Ma il tempo corre troppo veloce anche per i piani di Angelino, l´eterno delfino. Gli ex An infatti scalpitano, guidati da Ignazio La Russa. Che intravede il crollo del sistema di potere messo in piedi in Lombardia in quindici anni. Esagerazioni? Ieri "Libero" apriva la prima pagina con un irriverente «ADDIO PDL».
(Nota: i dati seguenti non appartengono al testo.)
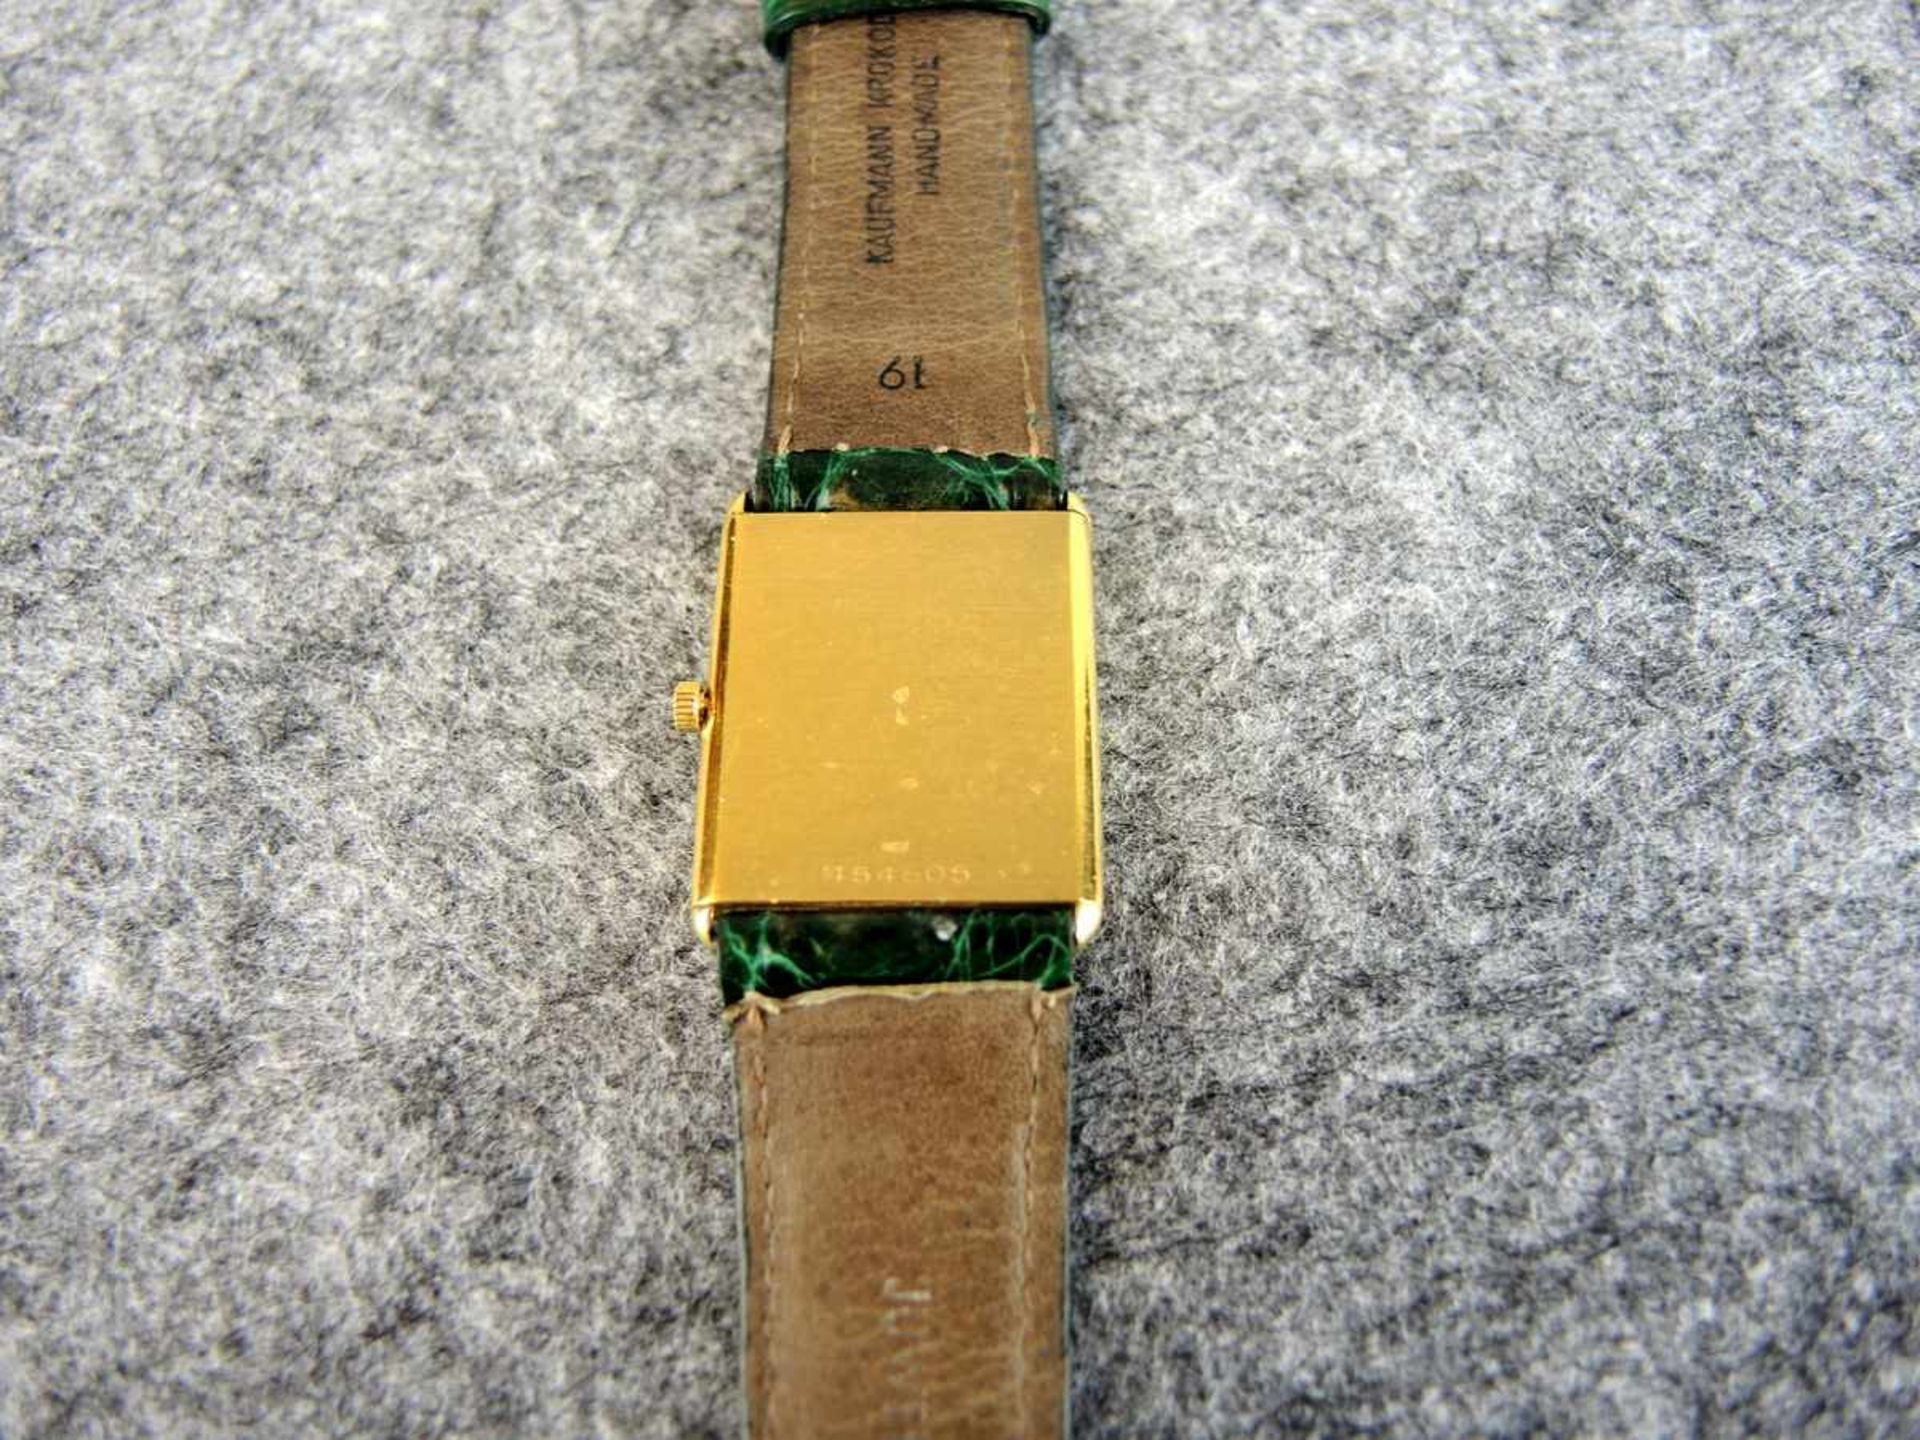 Vacheron & Constantin Armbanduhr 18 K. Gelbgold, mit Handaufzug. Gangbar, lediglich zwischen den - Bild 2 aus 2

Con Daniela Santanché che è arrivata a paragonare il Cavaliere al comandante della Costa, ingiungendogli un «Sali sulla nave, Berlusconi, cazzo!». L´eclissi del leader, fermo sullo scoglio mentre la nave affonda. In questa Babele di lingue, di tattiche contrapposte che è diventato il Pdl, chi cerca di tenere la baracca in piedi sono i capigruppo. Diventati, forse anche loro malgrado, le uniche bitte a cui ancorare il vascello alla deriva.

È stato Maurizio Gasparri a fare la spola con palazzo Chigi per limare il decreto sulle liberalizzazioni la notte prima dell´approvazione. Ed è stato Fabrizio Cicchitto a gestire la partita della mozione comune sull´Europa. E proprio Cicchitto ha instaurato la consuetudine di una consultazione pressoché quotidiana e riservata con il dirimpettaio Dario Franceschini, capogruppo del Pd. È la nascita, di fatto, di quella cabina di regia parlamentare che Casini reclamava in aula un paio di settimane fa.

E che La Russa vede come fumo negli occhi. Del gruppo fa parte anche Gaetano Quagliariello, che lavora insieme agli sherpa del Pd per una nuova legge elettorale. La scommessa è un triplo salto mortale: sostenere Monti, salvare il Pdl e il bipolarismo. «C´è un interesse convergente - osserva Sandro Bondi - tra noi e il Pd per fare le riforme. La rotta è quella e alla fine gli elettori, anche quelli della Lega, sapranno giudicare chi ha messo al centro gli interessi del paese». Ma il problema, a questo punto, è se ci sarà ancora un Pdl sulla prossima scheda elettorale.